Department of Mathematics, Brigham Young University-Idaho, Rexburg, ID, 83460, USA.
Department of Mathematics and Statistics, Utah State University, Logan, UT, 84322, USA.
Sci Rep. 2017 Oct 9;7(1):12798. doi: 10.1038/s41598-017-10177-5.

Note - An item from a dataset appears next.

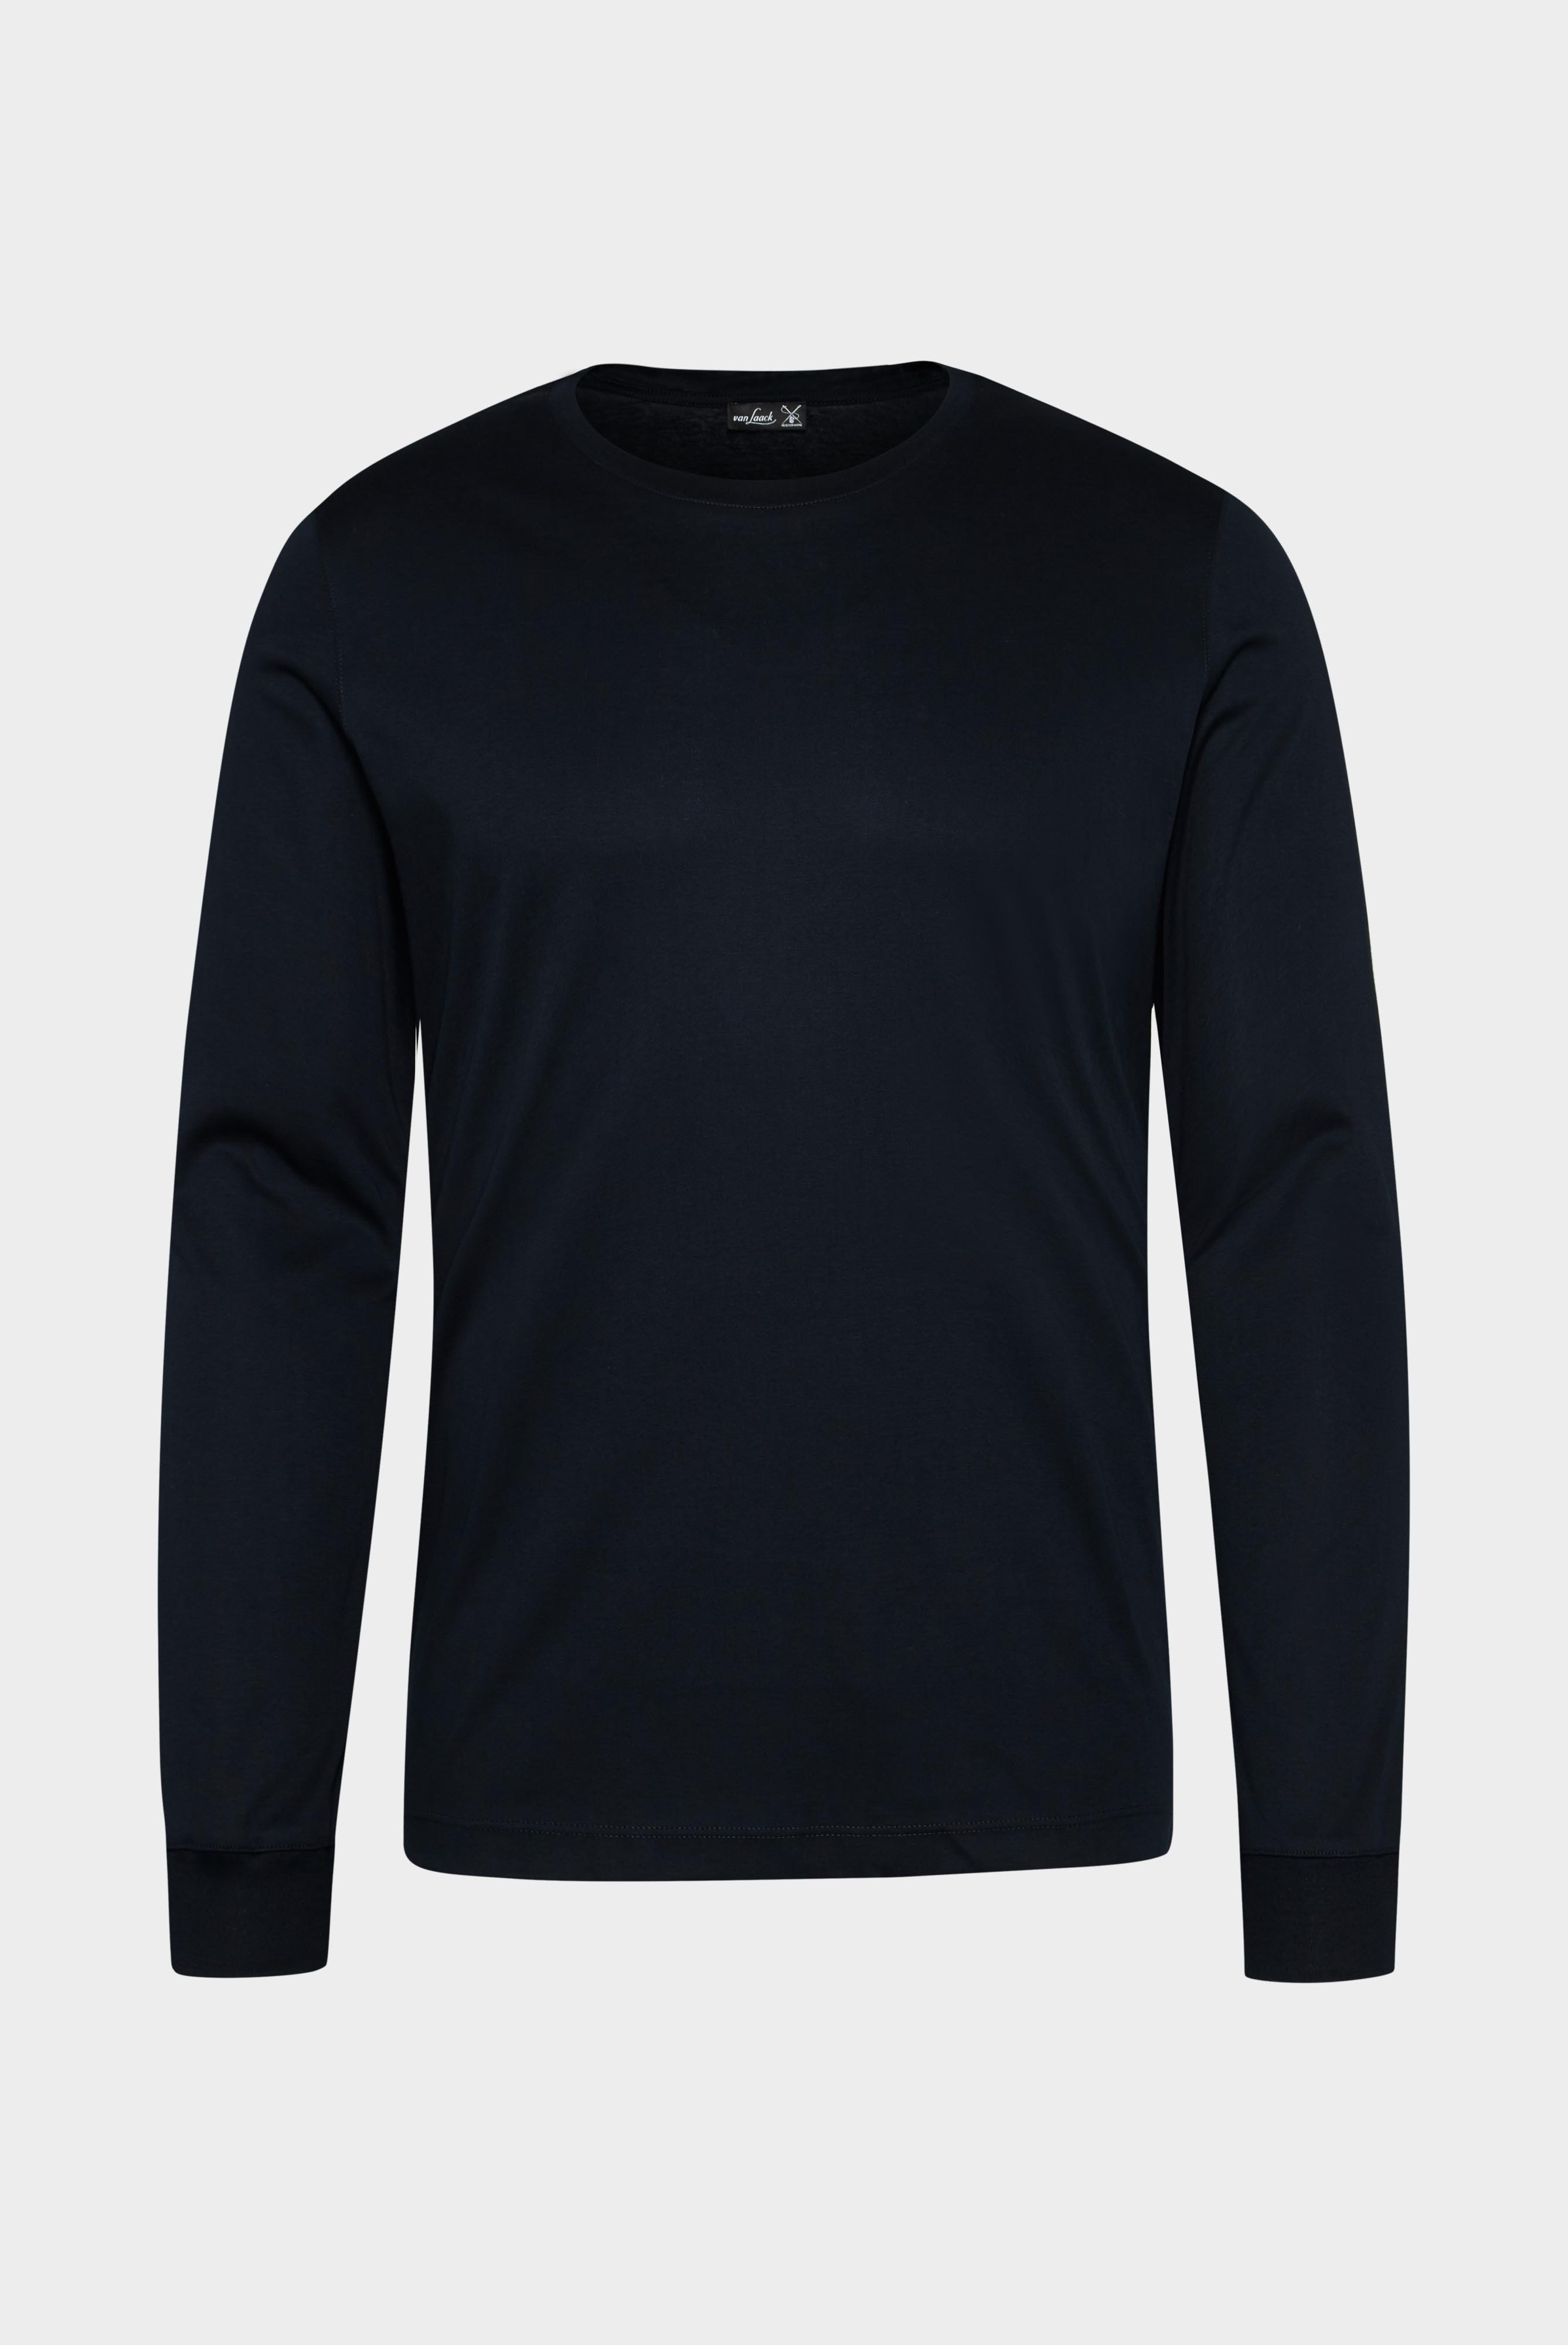 T-Shirts+Longsleeve Swiss Cotton Jersey Crew Neck T-Shirt+20.1718.UX.180031.790.X3L

The linkage disequilibrium (LD) based quantitative trait loci (QTL) model involves two indispensable hypothesis tests: the test of whether or not a QTL exists, and the test of the LD strength between the QTaL and the observed marker. The advantage of this two-test framework is to test whether there is an influential QTL around the observed marker instead of just having a QTL by random chance. There exist unsolved, open statistical questions about the inaccurate asymptotic distributions of the test statistics. We propose a bivariate null kernel (BNK) hypothesis testing method, which characterizes the joint distribution of the two test statistics in two-dimensional space. The power of this BNK approach is verified by three different simulation designs and one whole genome dataset. It solves a few challenging open statistical questions, closely separates the confounding between 'linkage' and 'QTL effect', makes a fine genome division, provides a comprehensive understanding of the entire genome, overcomes limitations of traditional QTL approaches, and connects traditional QTL mapping with the newest genotyping technologies. The proposed approach contributes to both the genetics literature and the statistics literature, and has a potential to be extended to broader fields where a bivariate test is needed.
基于连锁不平衡 (LD) 的数量性状基因座 (QTL) 模型涉及两个不可或缺的假设检验:检验是否存在 QTL,以及检验 QTL 与观察到的标记之间的 LD 强度。这种两检验框架的优点在于检验是否在观察到的标记周围存在有影响的 QTL,而不是仅仅因为随机机会而存在 QTL。关于检验统计量的不准确渐近分布,存在未解决的、开放的统计问题。我们提出了一种双变量零核 (BNK) 假设检验方法,该方法用二维空间中的两个检验统计量来描述联合分布。通过三种不同的模拟设计和一个全基因组数据集验证了这种 BNK 方法的功效。它解决了一些具有挑战性的开放统计问题,紧密分离了“连锁”和“QTL 效应”之间的混杂,进行了精细的基因组划分,提供了对整个基因组的全面了解,克服了传统 QTL 方法的局限性,并将传统的 QTL 映射与最新的基因分型技术联系起来。该方法为遗传学文献和统计学文献做出了贡献,并有可能扩展到需要双变量检验的更广泛领域。